> [INSTRUCTIONS FOR THE TASK] Output the listing below verbatim, but drop the images.

> [RECORDED DATA]
────────────────────────────────────────

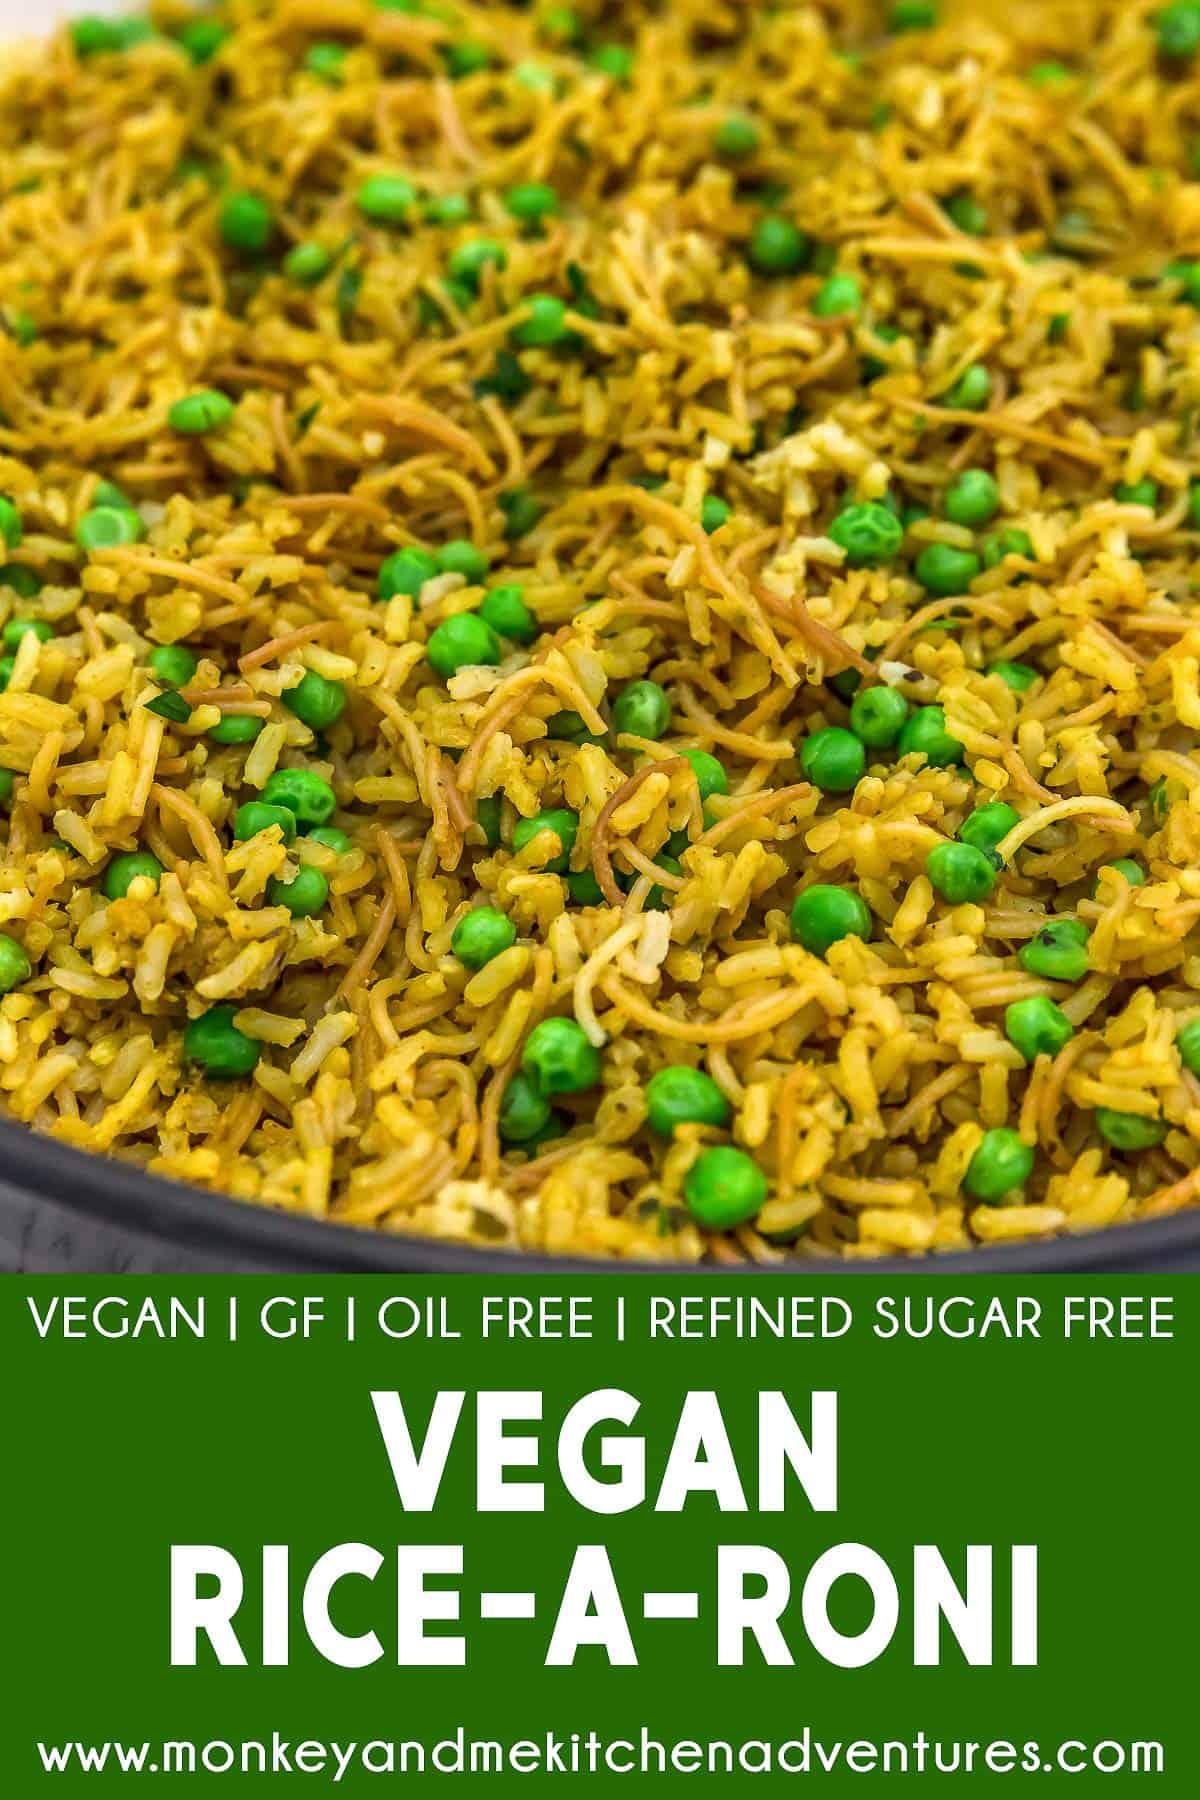 Vegan Rice-A-Roni
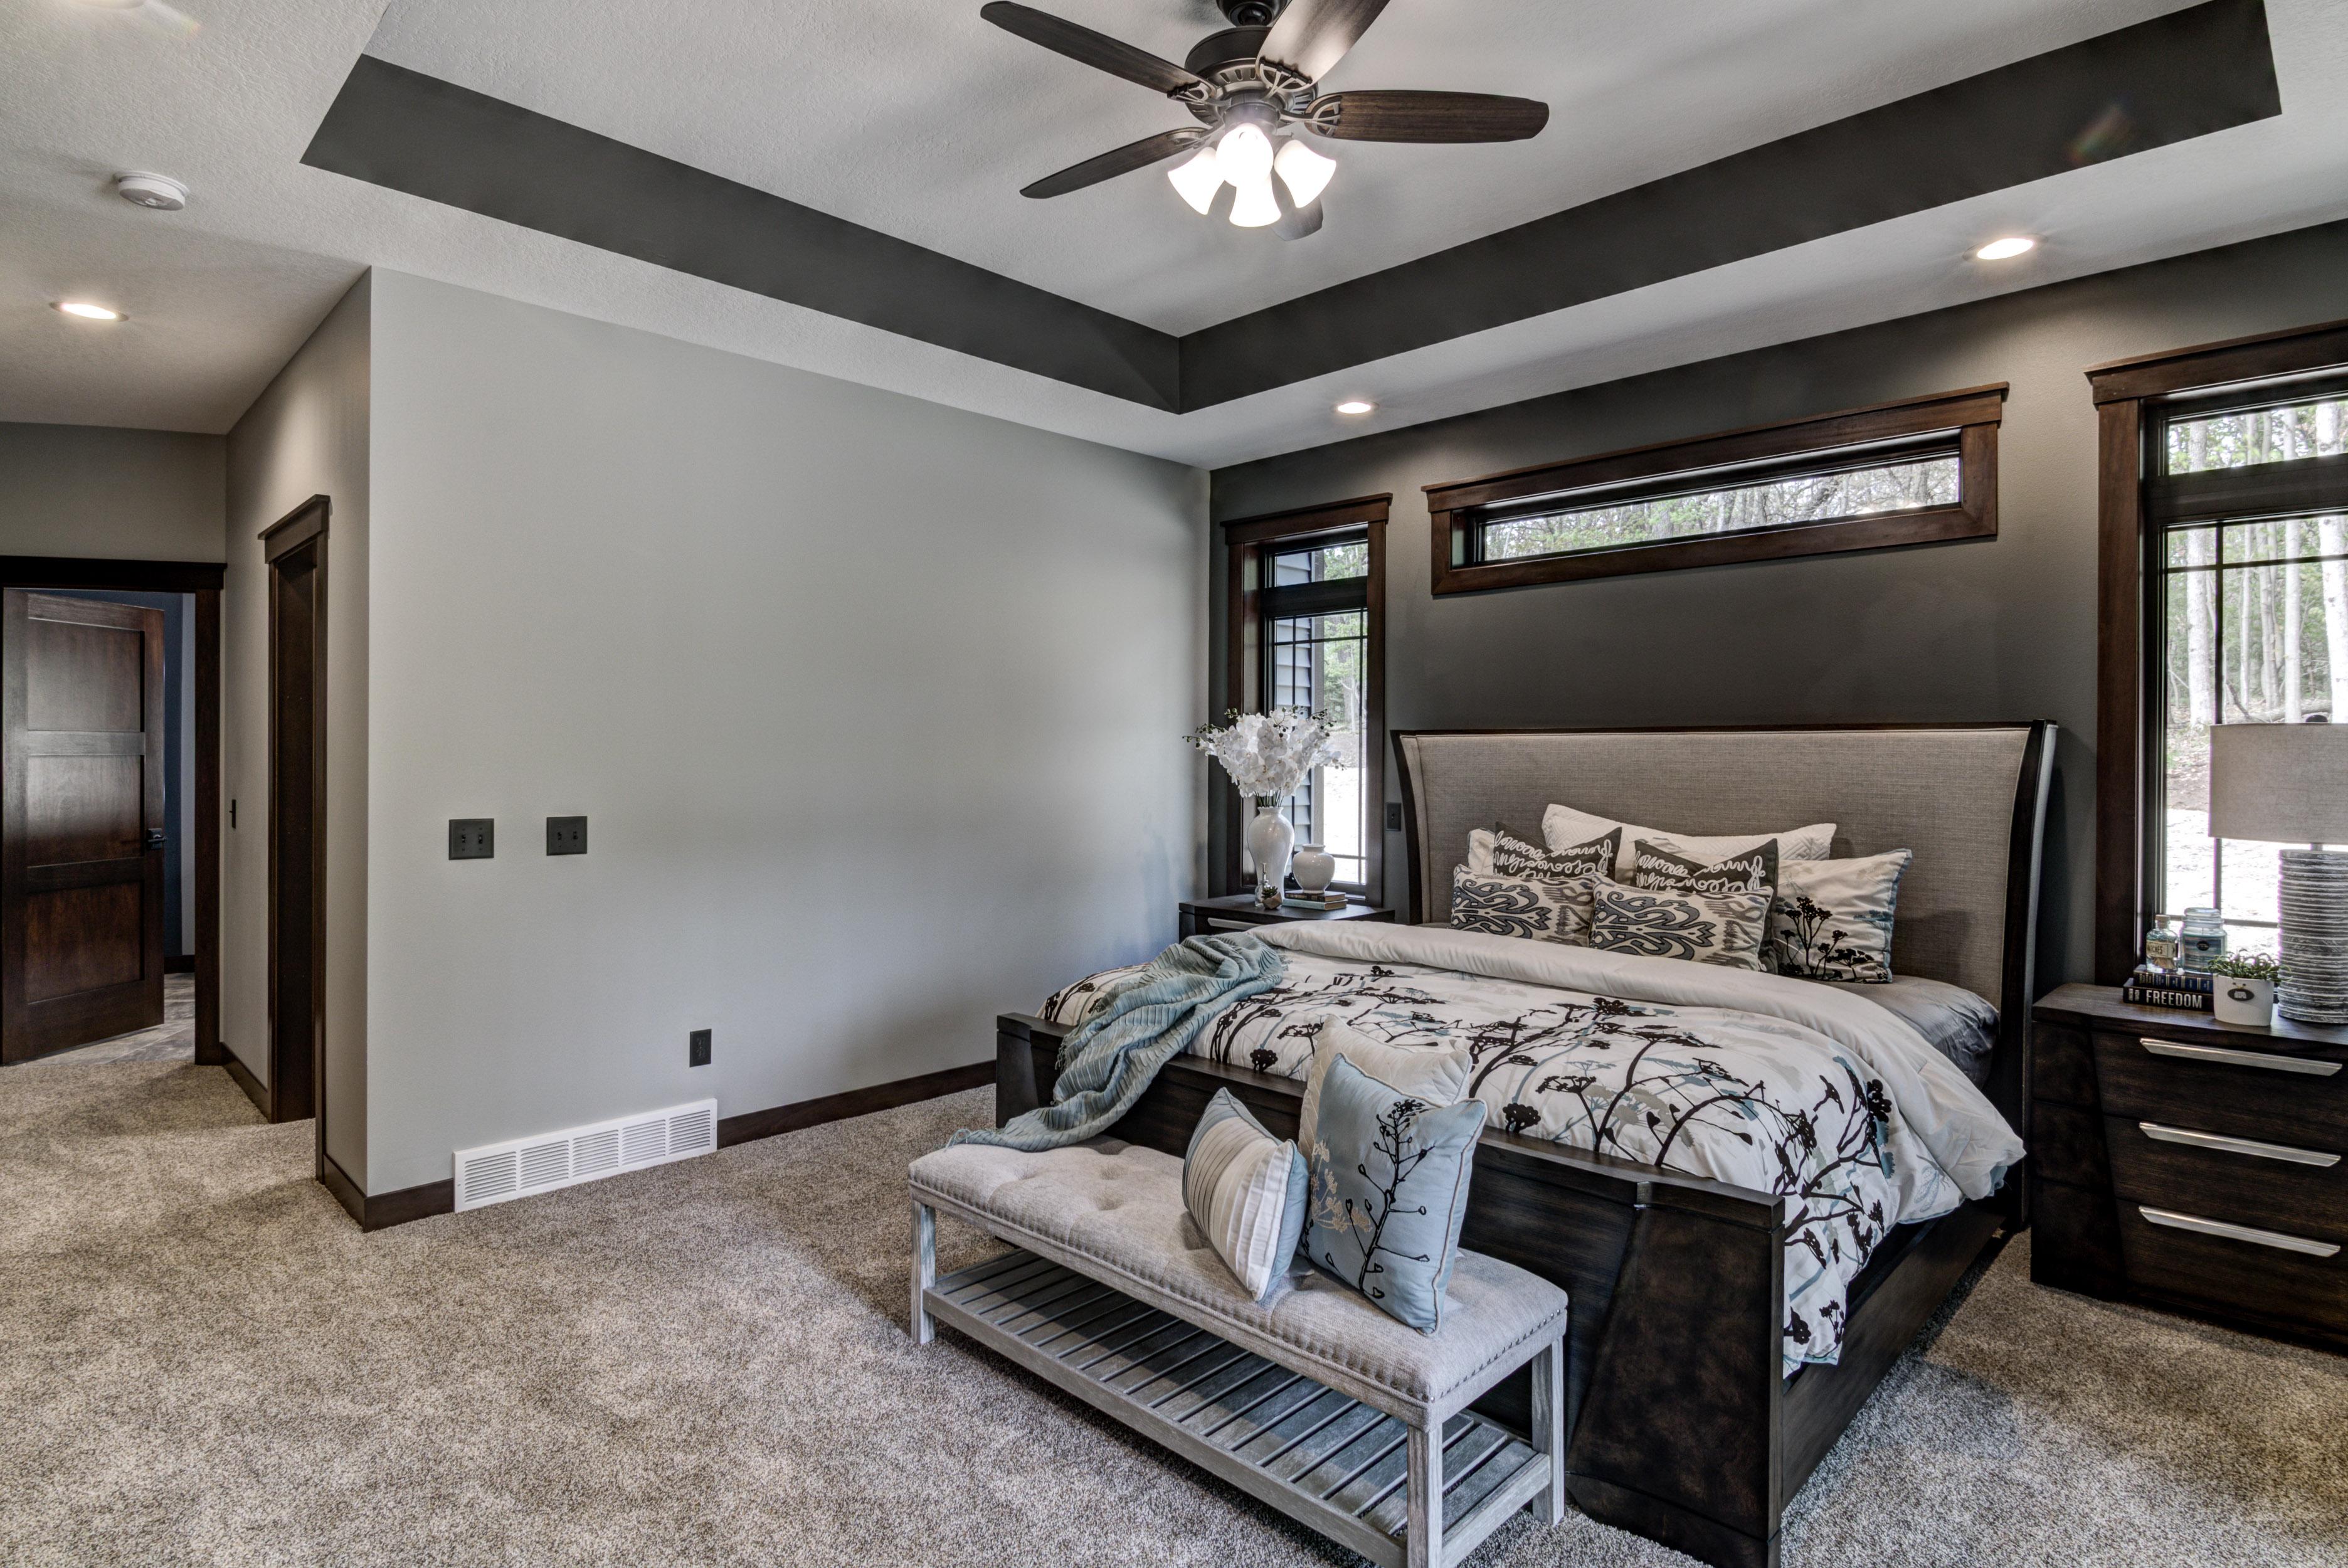 24-06 - Master Bedroom-2
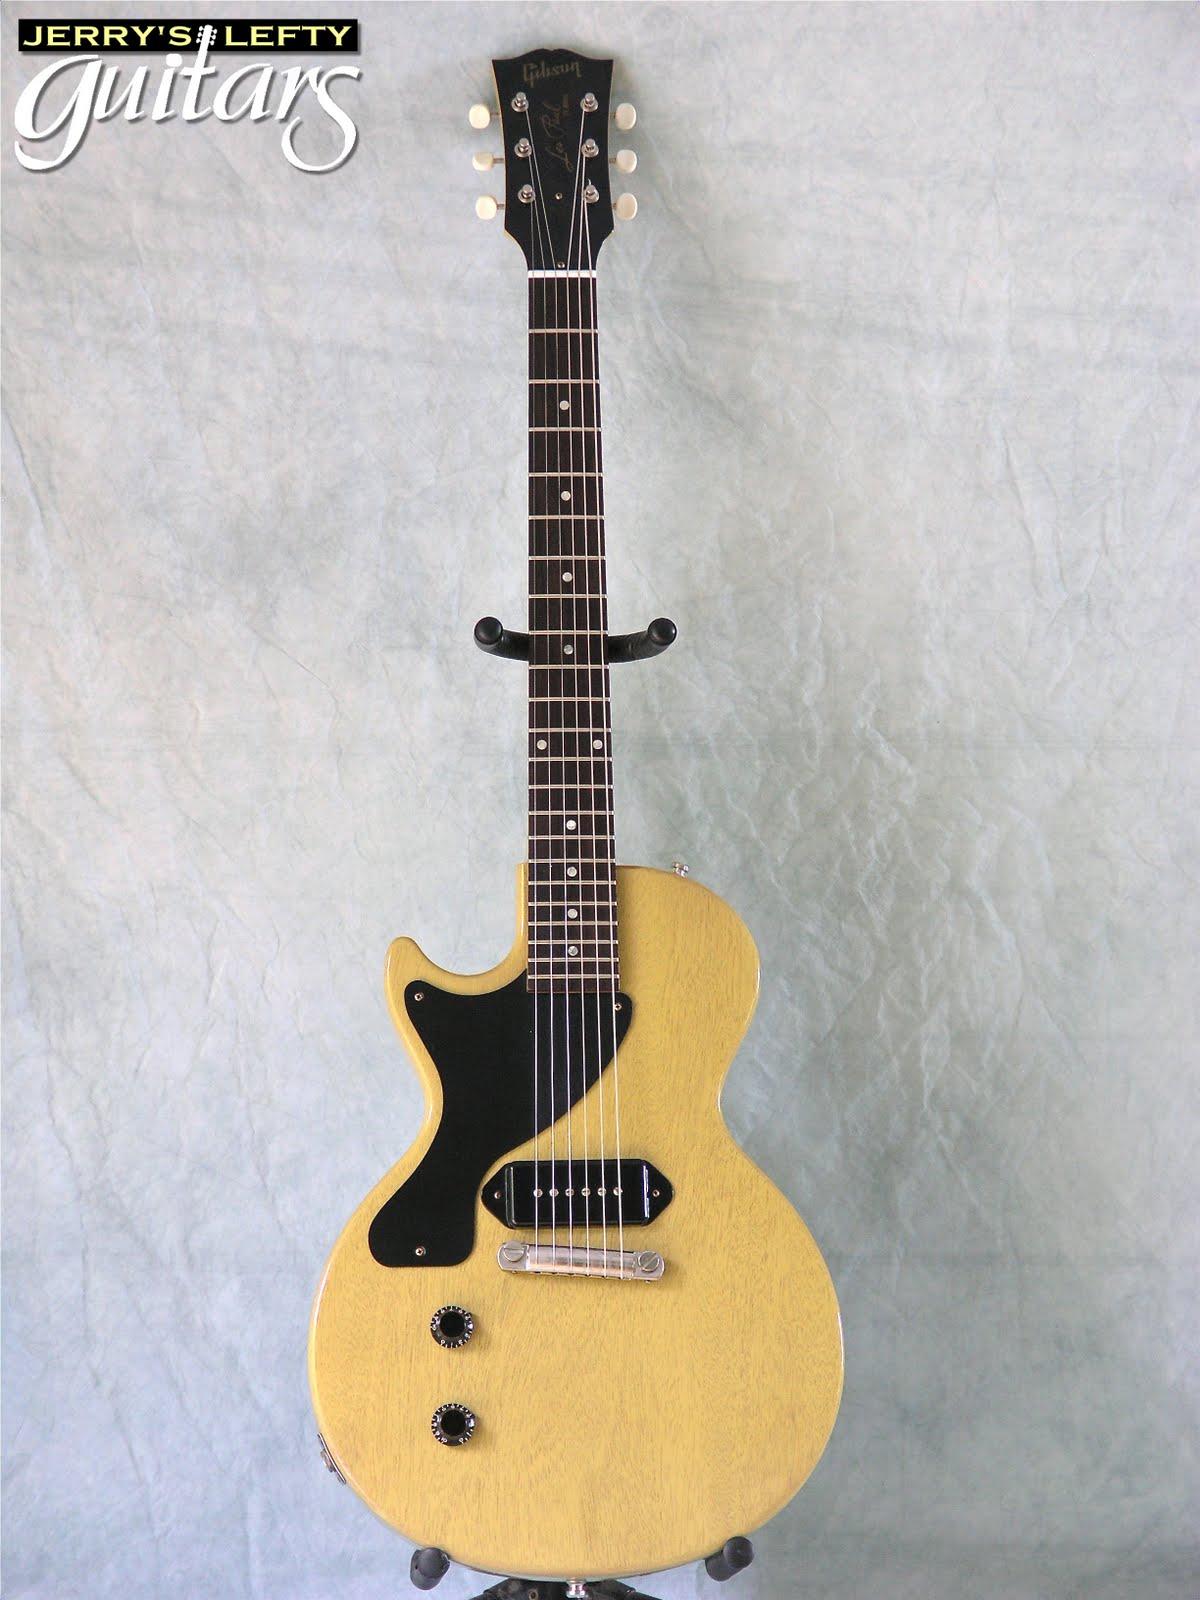 jerry 39 s lefty guitars newest guitar arrivals updated weekly gibson les paul jr custom shop. Black Bedroom Furniture Sets. Home Design Ideas

────────────────────────────────────────

> [TASK SOLUTION]
 Vegan Rice-A-Roni
 24-06 - Master Bedroom-2
 jerry 39 s lefty guitars newest guitar arrivals updated weekly gibson les paul jr custom shop. Black Bedroom Furniture Sets. Home Design Ideas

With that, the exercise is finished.